The embodiment of the slit shown in Fig. 13 can obtain more precise correspondense of the latent image and development thereof than the embodiment shown in Fig. 12.
As shown in Fig. 14, a beam emitted from a laser light source 21 is light modulated by photomodulator 22 and is deflected by a rotatable polygonal mirror 23. The deflected beam is collected at a predetermined position of a drum 25. In order to determine the correct position on the drum 1, the scanning beam is synchronized with such timing to enter an optical detecting device provided at the scanning start position.
As shown in Fig. 15, the control system has a standard clock having times frequency of a printing dot clock. The beam entering the optical detecting device is analog-digital converted, as a signal sychronized to the standard clock in a starting detecting circuit, to a starting signal. After the starting signal, a printing clock is divided into n by counting the standard clock. This printing clock corresponds to the printing position of, for example, cyan, yellow, and magenta in a multicolor printing process. By dividing the printing clock into three, a cyan (Y) clock, yellow (Y) clock, and magenta (M) clock are formed. To keep the clocks accurate, they are corrected by the printing clock (AND circuit). By using, such clocks, data of colors is read to make a series of data by an OR circuit. This data is latched by the printing clock and the optical modulator is operated by a NOW RETURN ZERO (NRZ) process.
Thus the desired development with the different working colors is restricted respectively to predefined different adjacent strips of the image formation medium.

Claims

1. A multicolor printing device comprising a latent image formation means, which forms an electrostatic latent image corresponding to a plurality of colors on a latent image formation medium, and a plurality of developing means which develop the colors of said electrostatic latent image characterized in that a means which defines a developable region with regard to the colors of said latent image is provided with the plurality of developing means.

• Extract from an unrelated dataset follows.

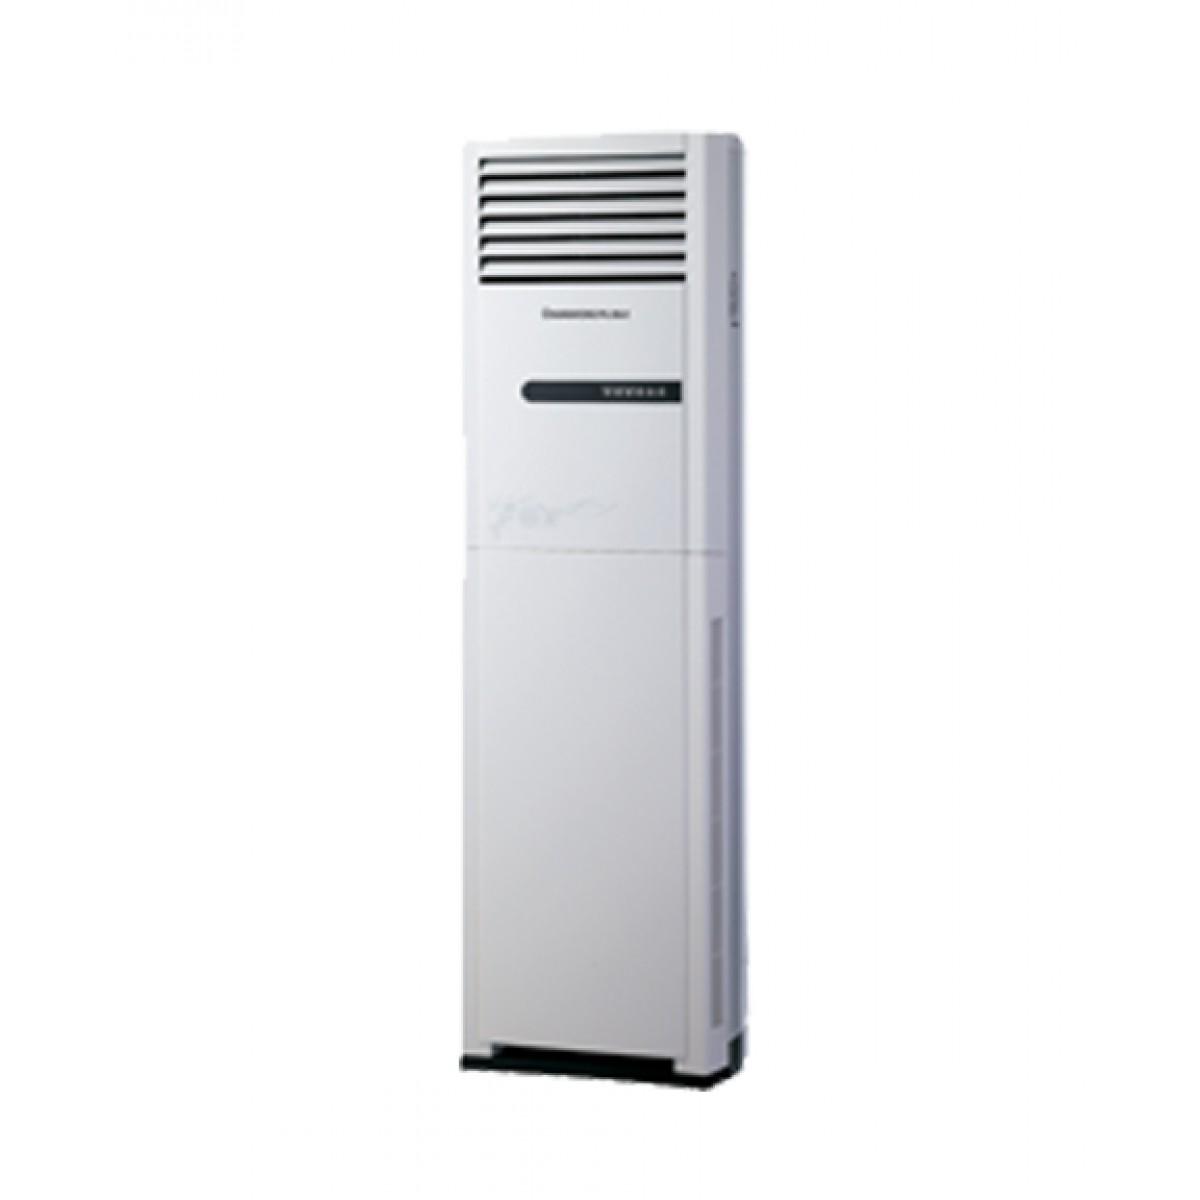 Changhong ruba floor standing air conditioner 2 0 ton kf for 1 ton floor standing ac

2. A multicolor printing device according to claim 1, characterized in that said means which defines the colors of said developable region is provided between said latent image formation medium and said developing means.

3. A multicolor printing device according to claim 2, characterized in that said means which defines the colors of said developable region is formed by a plate having openings at development positions of said plurality of developing means.

4. A multicolor printing device including latent image formation means, for forming on an image formation medium a latent image having different regions associated respectively with different colours, and developing means for developing the said regions differently from one another so that the said different colours are manifested respectively at the regions associated therewith, characterised in that the manifestation of different working colours is restricted respectively to predefined different adjacent areas of the image medium.

5. A device as claimed in claim 4, wherein the said predefined different adjacent areas are narrow elongate areas extending alongside one another.

6. A device as claimed in claim 4 or 5, wherein the developing means have different outlet openings, for delivering respective developers for the different working colours, which openings are arranged in register respectively with the said predefined different adjacent areas.